Dataset content>

----------------------------------------

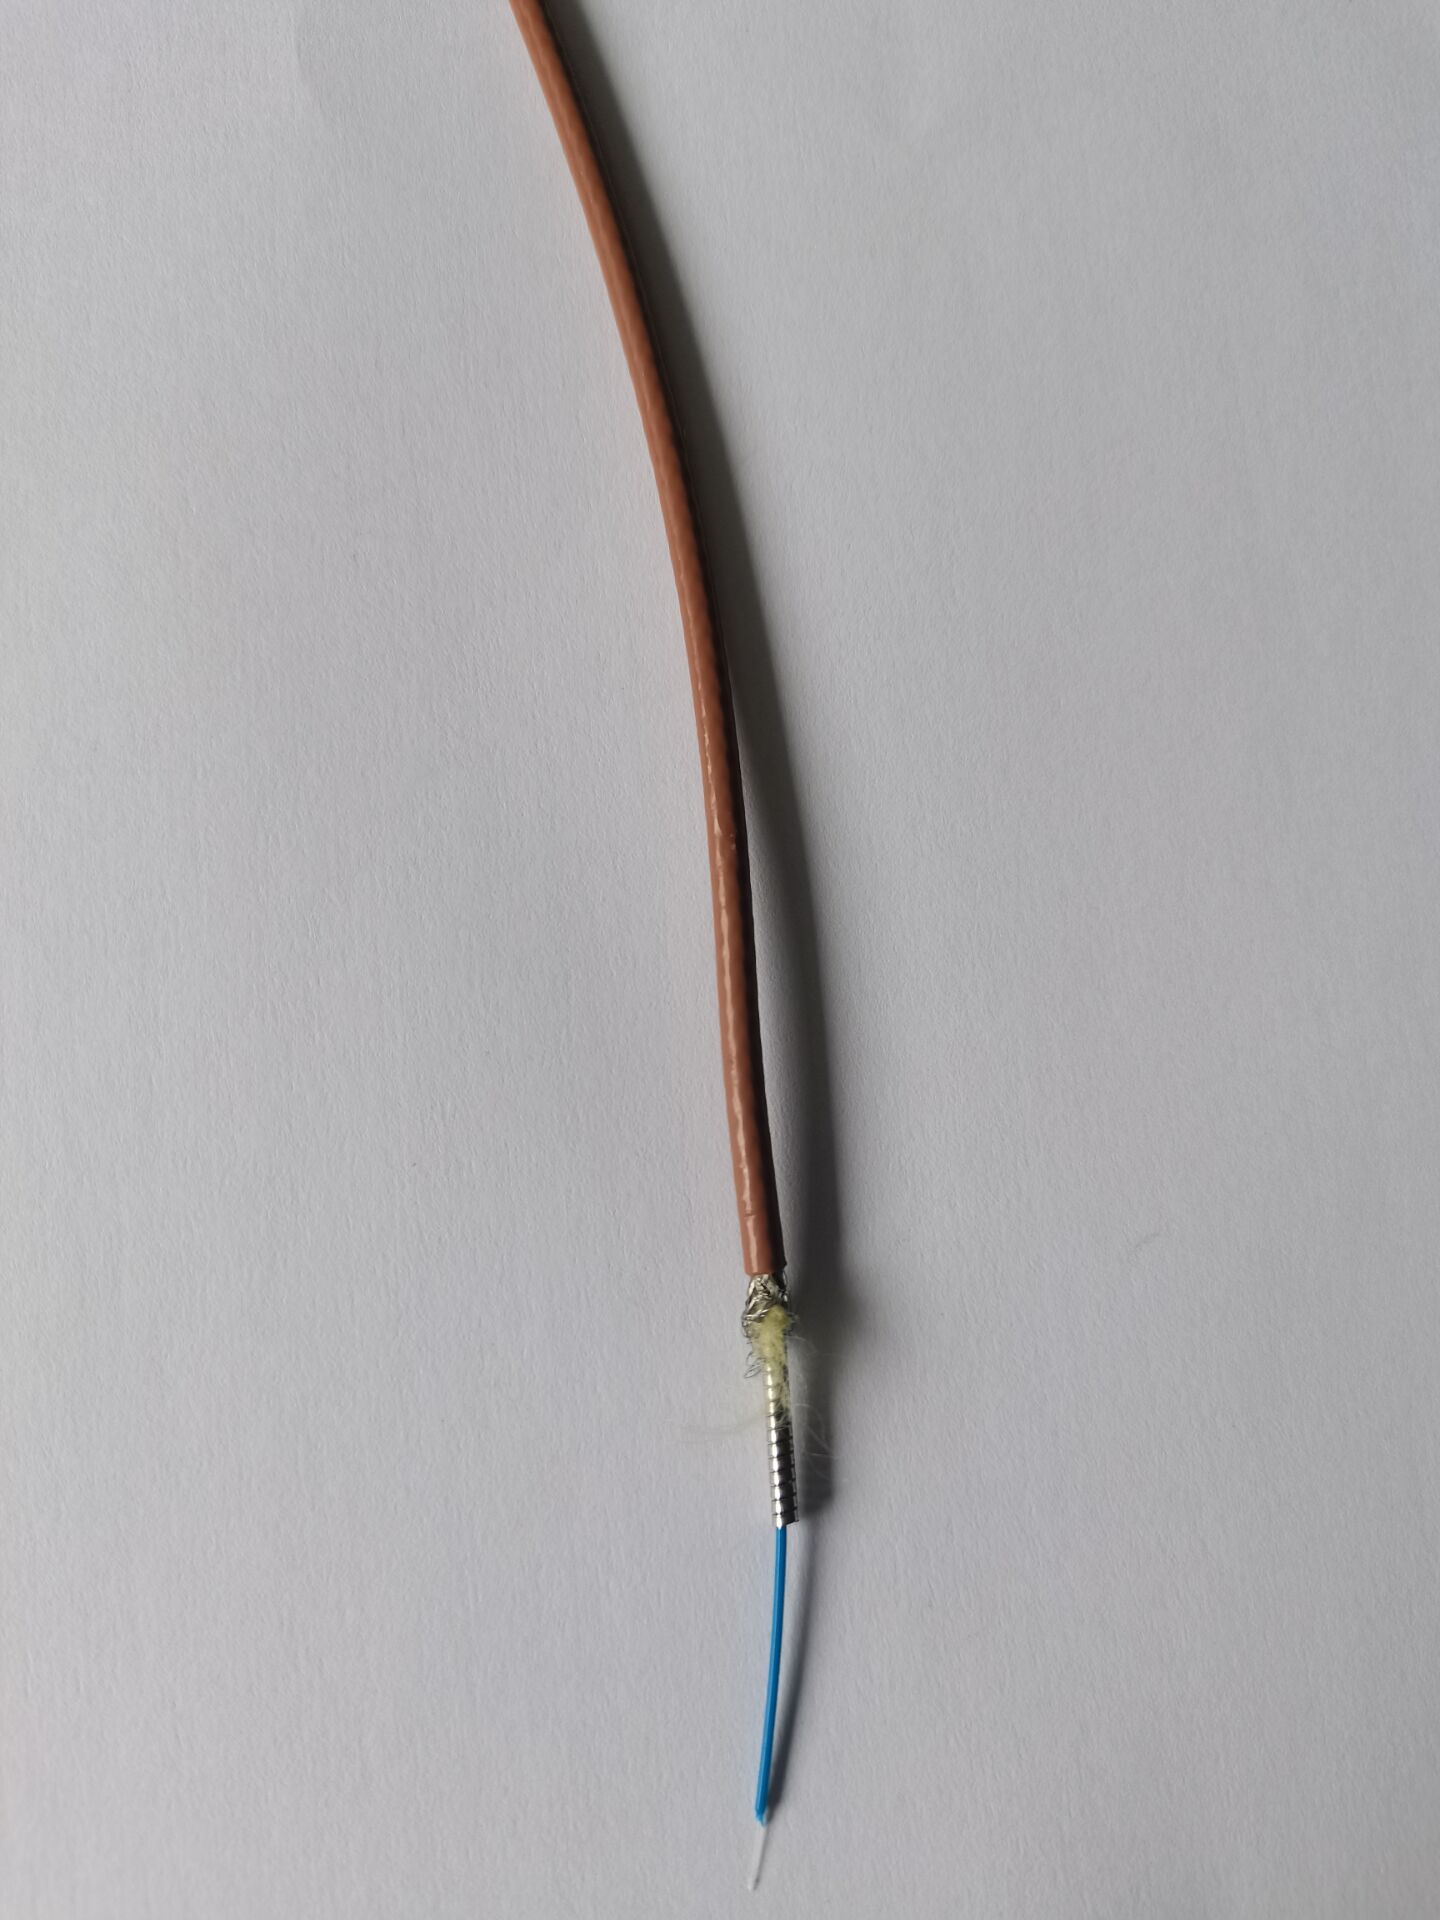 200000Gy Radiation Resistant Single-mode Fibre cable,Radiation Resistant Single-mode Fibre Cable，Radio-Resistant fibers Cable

----------------------------------------

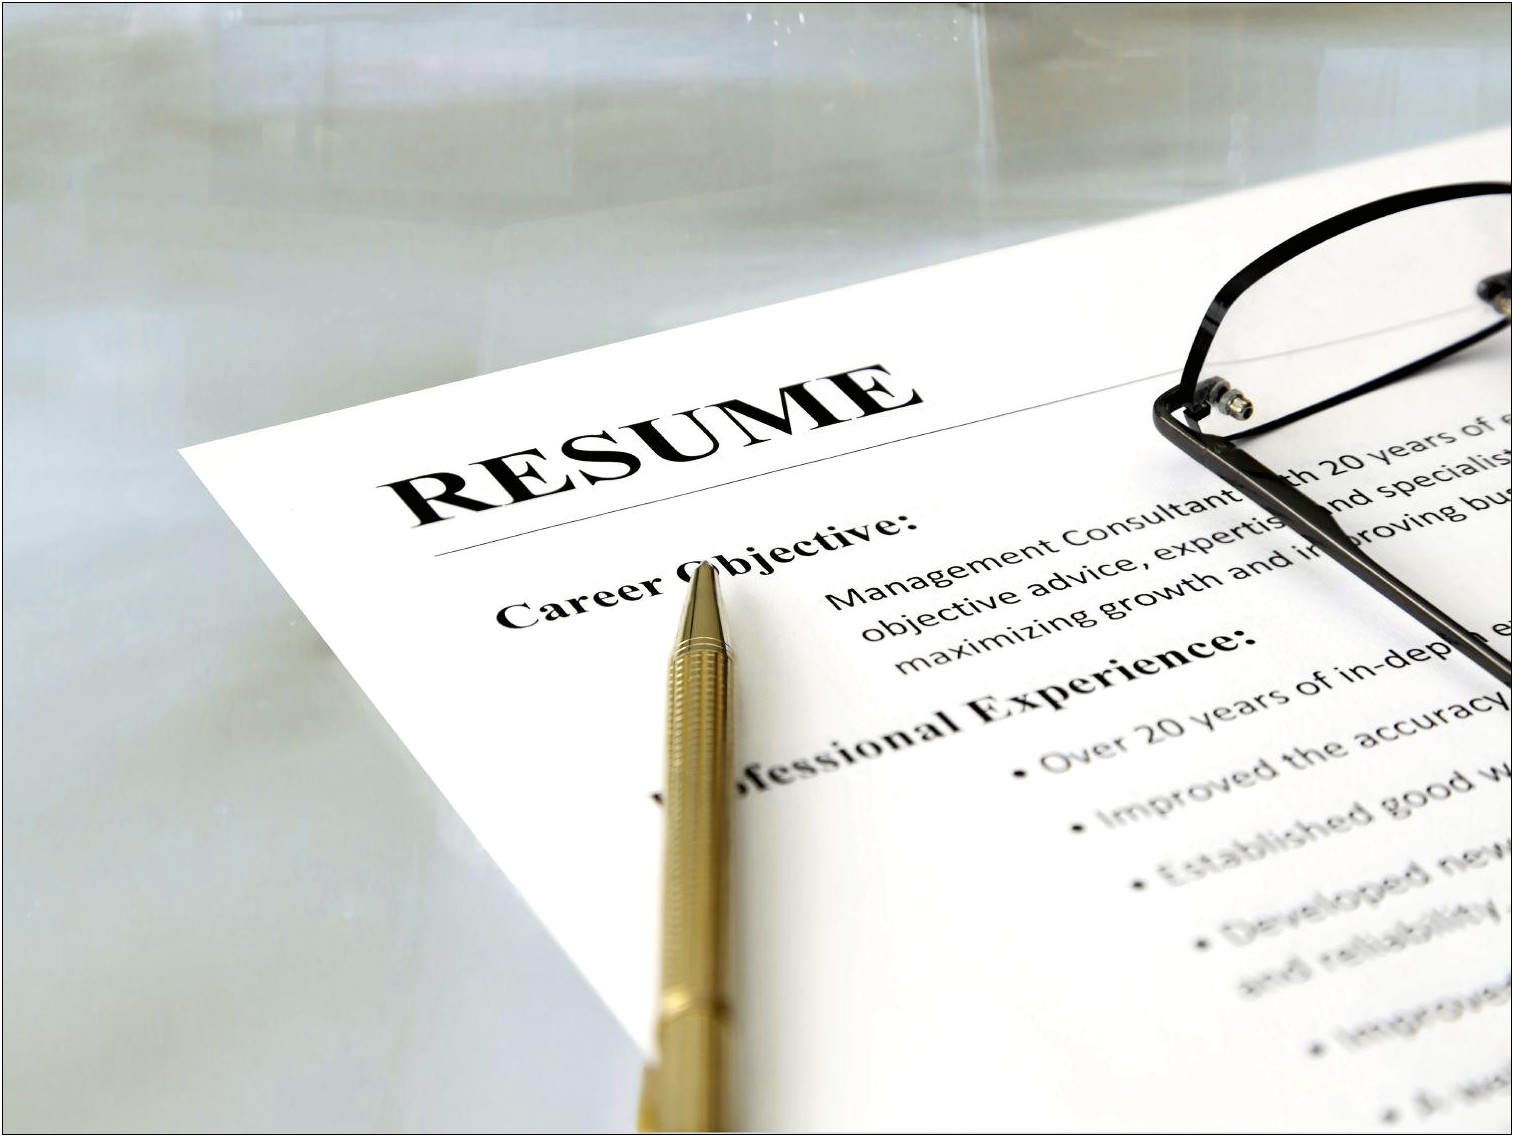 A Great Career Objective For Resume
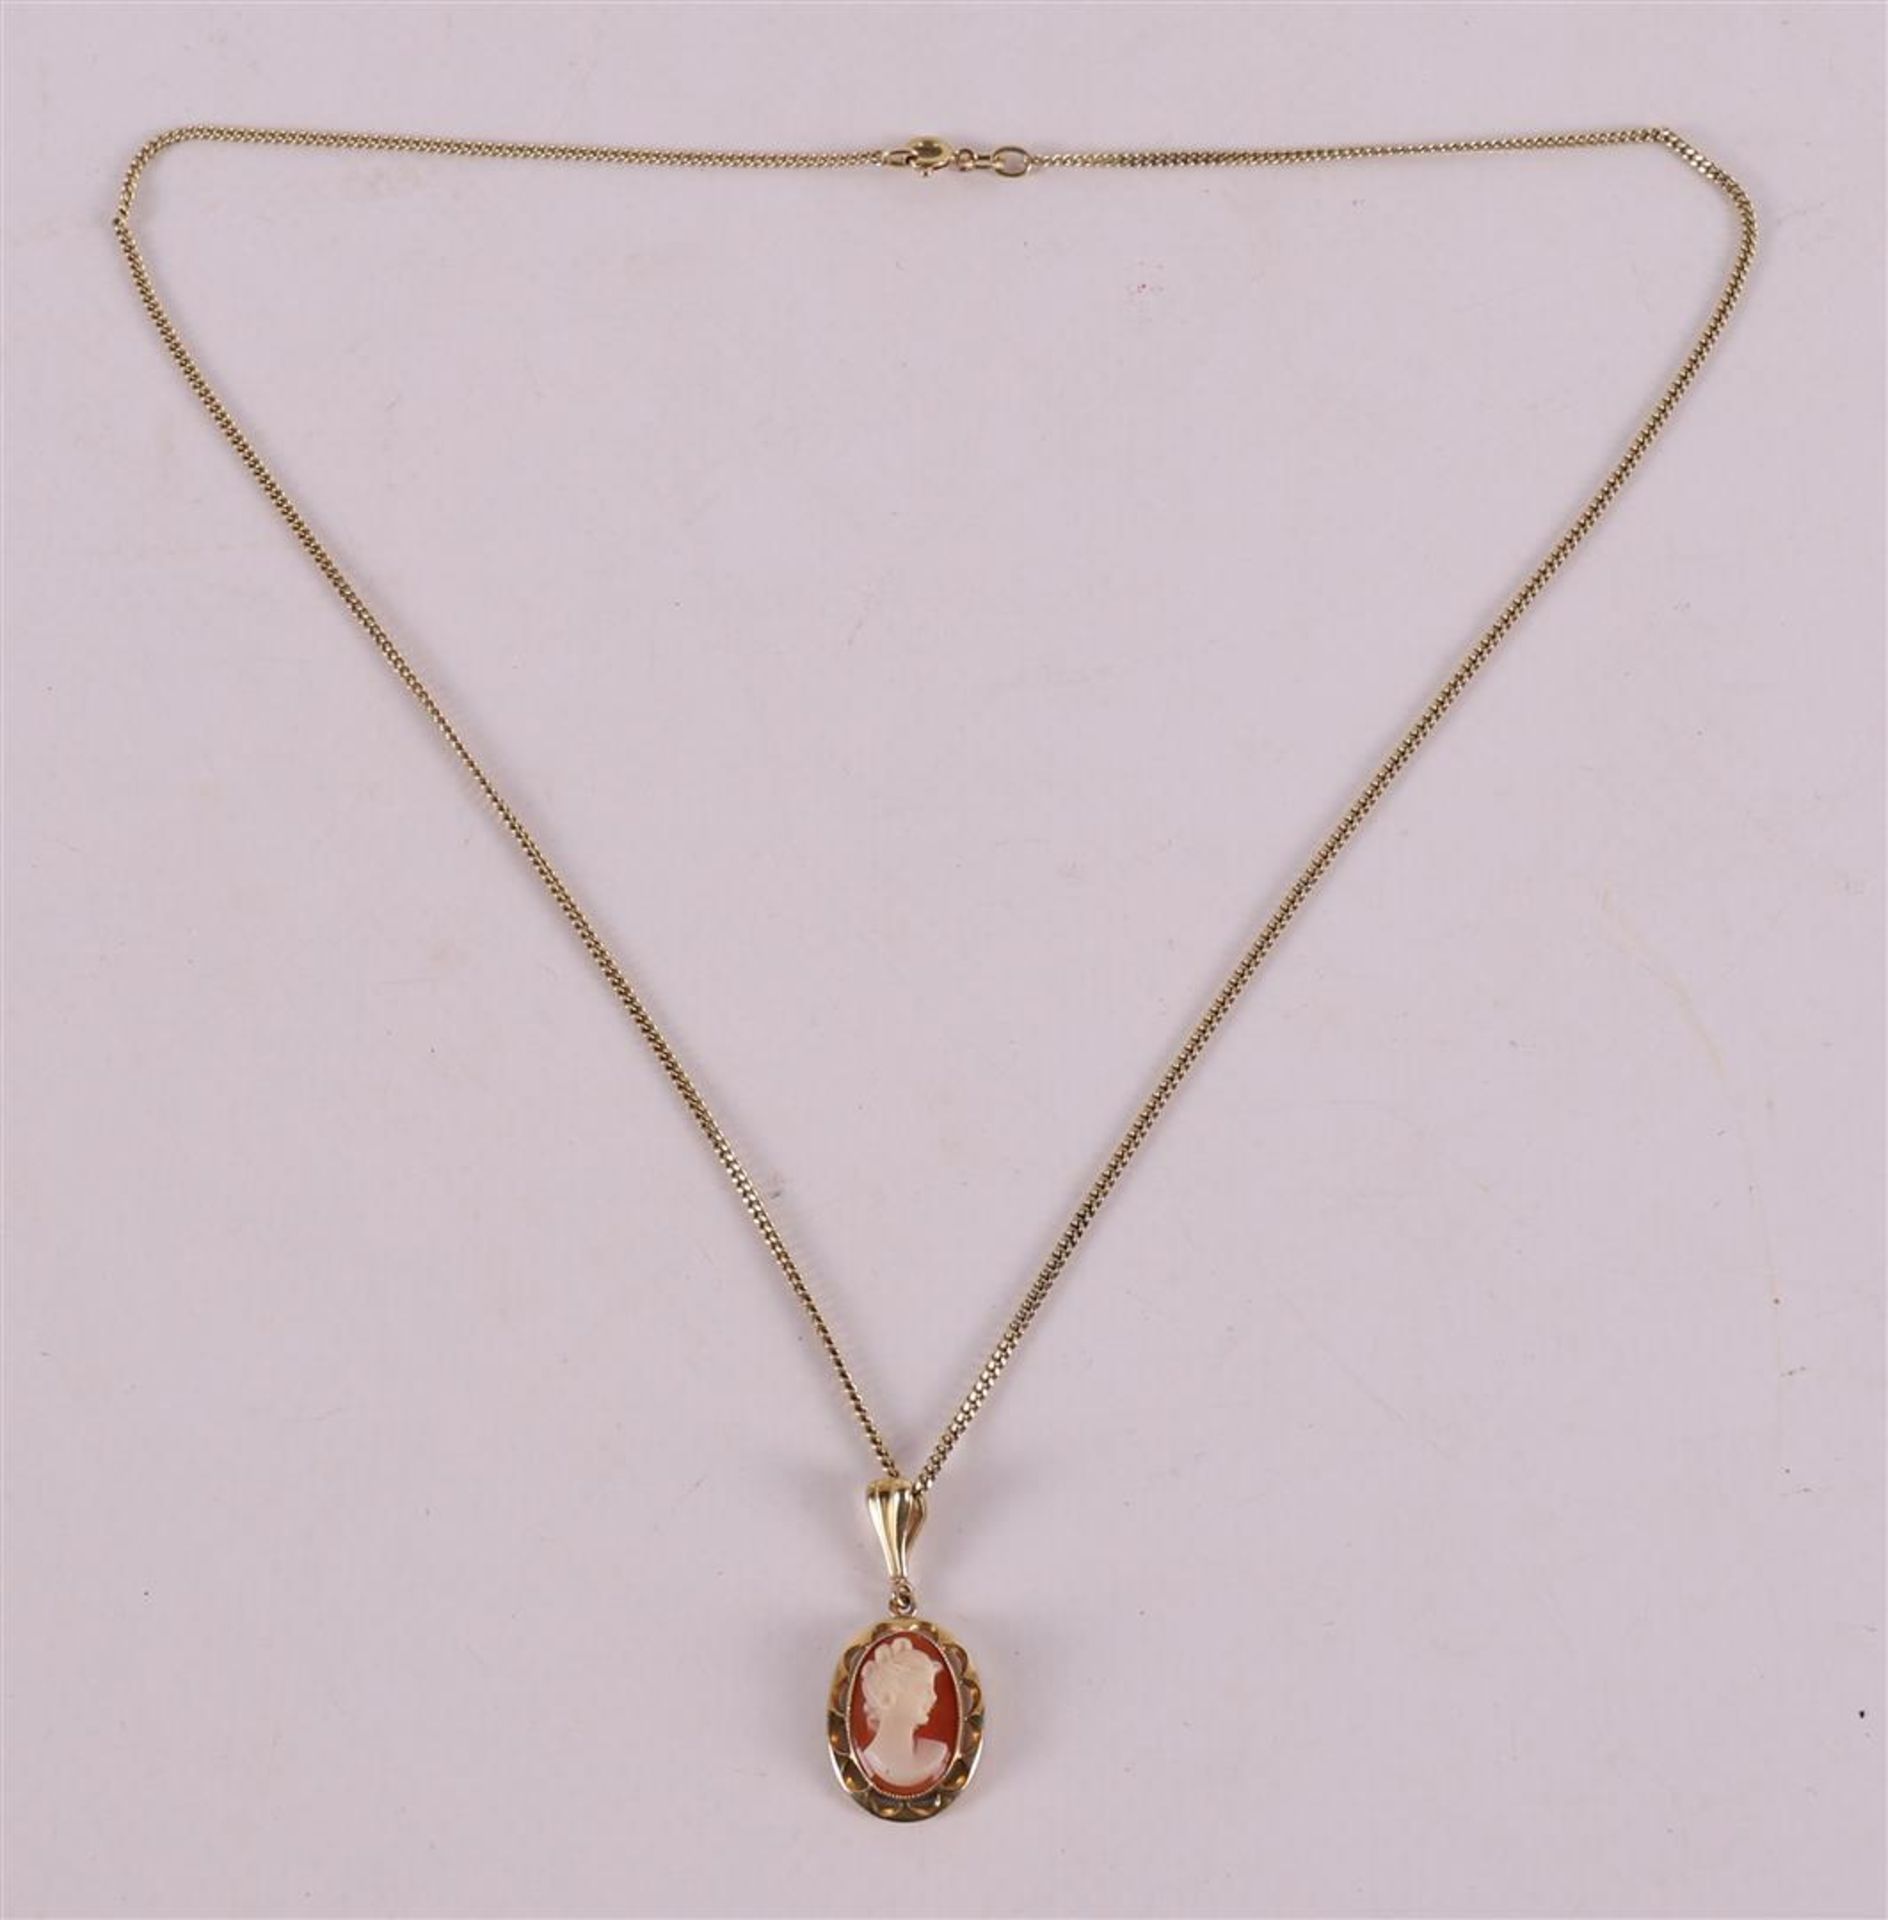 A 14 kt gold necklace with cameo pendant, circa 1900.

----------------------------------------

About this task> Set the pictures aside and retype exactly the lines above from the line with "A Great Career Objective For Resume" to the line with "A 14 kt gold", both included, adding no others.

Exercise output>
 A Great Career Objective For Resume
 A 14 kt gold necklace with cameo pendant, circa 1900.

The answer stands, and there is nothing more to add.